Let's see the UTF8Encoding.GetString
method:
public override unsafe String GetString(byte[] bytes, int index, int count)
{
// Avoid problems with empty input buffer
if (bytes.Length == 0) return String.Empty;
fixed (byte* pBytes = bytes)
return String.CreateStringFromEncoding(
pBytes + index, count, this);
}
It calls the String.CreateStringFromEncoding
method which gets the resulting string length first, then allocates it and fills it with characters without additional allocations. The UTF8Encoding.GetChars
allocates nothing too.
unsafe static internal String CreateStringFromEncoding(
byte* bytes, int byteLength, Encoding encoding)
{
int stringLength = encoding.GetCharCount(bytes, byteLength, null);
if (stringLength == 0)
return String.Empty;
String s = FastAllocateString(stringLength);
fixed (char* pTempChars = &s.m_firstChar)
{
encoding.GetChars(bytes, byteLength, pTempChars, stringLength, null);
}
}
If you will use a fixed length encoding, then you can allocate a string directly and use Encoding.GetChars
on it. But you will lose performance on calling Stream.ReadByte
multiple times since there's no Stream.Read
that accepts byte*
as an argument.
const int bufferSize = 256;
string str = new string('\0', n / bytesPerCharacter);
byte* bytes = stackalloc byte[bufferSize];
fixed (char* pinnedChars = str)
{
char* chars = pinnedChars;
for (int i = n; i >= 0; i -= bufferSize)
{
int byteCount = Math.Min(bufferSize, i);
int charCount = byteCount / bytesPerCharacter;
for (int j = 0; j < byteCount; ++j)
bytes[j] = (byte)stream.ReadByte();
encoding.GetChars(bytes, byteCount, chars, charCount);
chars += charCount;
}
}
So you already use the better way to get strings. The only thing that could be done in this situation is implementing the ByteArrayCache
class.

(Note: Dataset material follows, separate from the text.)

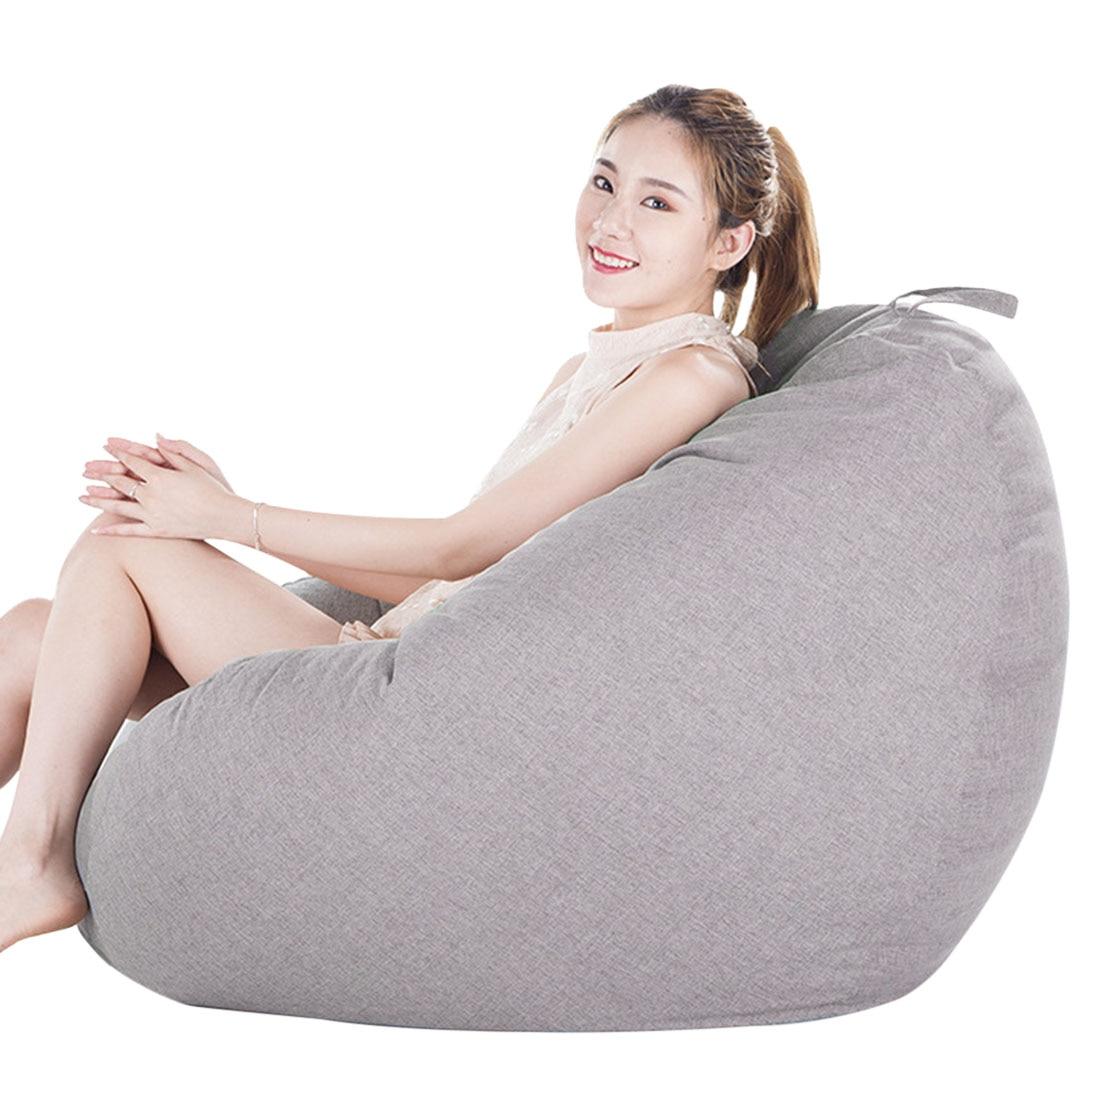 Диваны-мешки для малыша взрослых Гостиная ленивый диван стул детей Спальня расслабиться в шезлонге кресло мешок Гостиная bean bag Диван

It should be similar to StringBuilderCache
.
public static class ByteArrayCache
{
[ThreadStatic]
private static byte[] cachedInstance;
private const int maxArraySize = 1024;
public static byte[] Acquire(int size)
{
if (size <= maxArraySize)
{
byte[] instance = cachedInstance;
if (cachedInstance != null && cachedInstance.Length >= size)
{
cachedInstance = null;
return instance;
}
}
return new byte[size];
}
public static void Release(byte[] array)
{
if ((array != null && array.Length <= maxArraySize) &&
(cachedInstance == null || cachedInstance.Length < array.Length))
{
cachedInstance = array;
}
}
}
Usage:
var bytes = ByteArrayCache.Acquire(n);
stream.Read(bytes, 0, n);
var str = Encoding.UTF8.GetString(bytes);
ByteArrayCache.Release(bytes);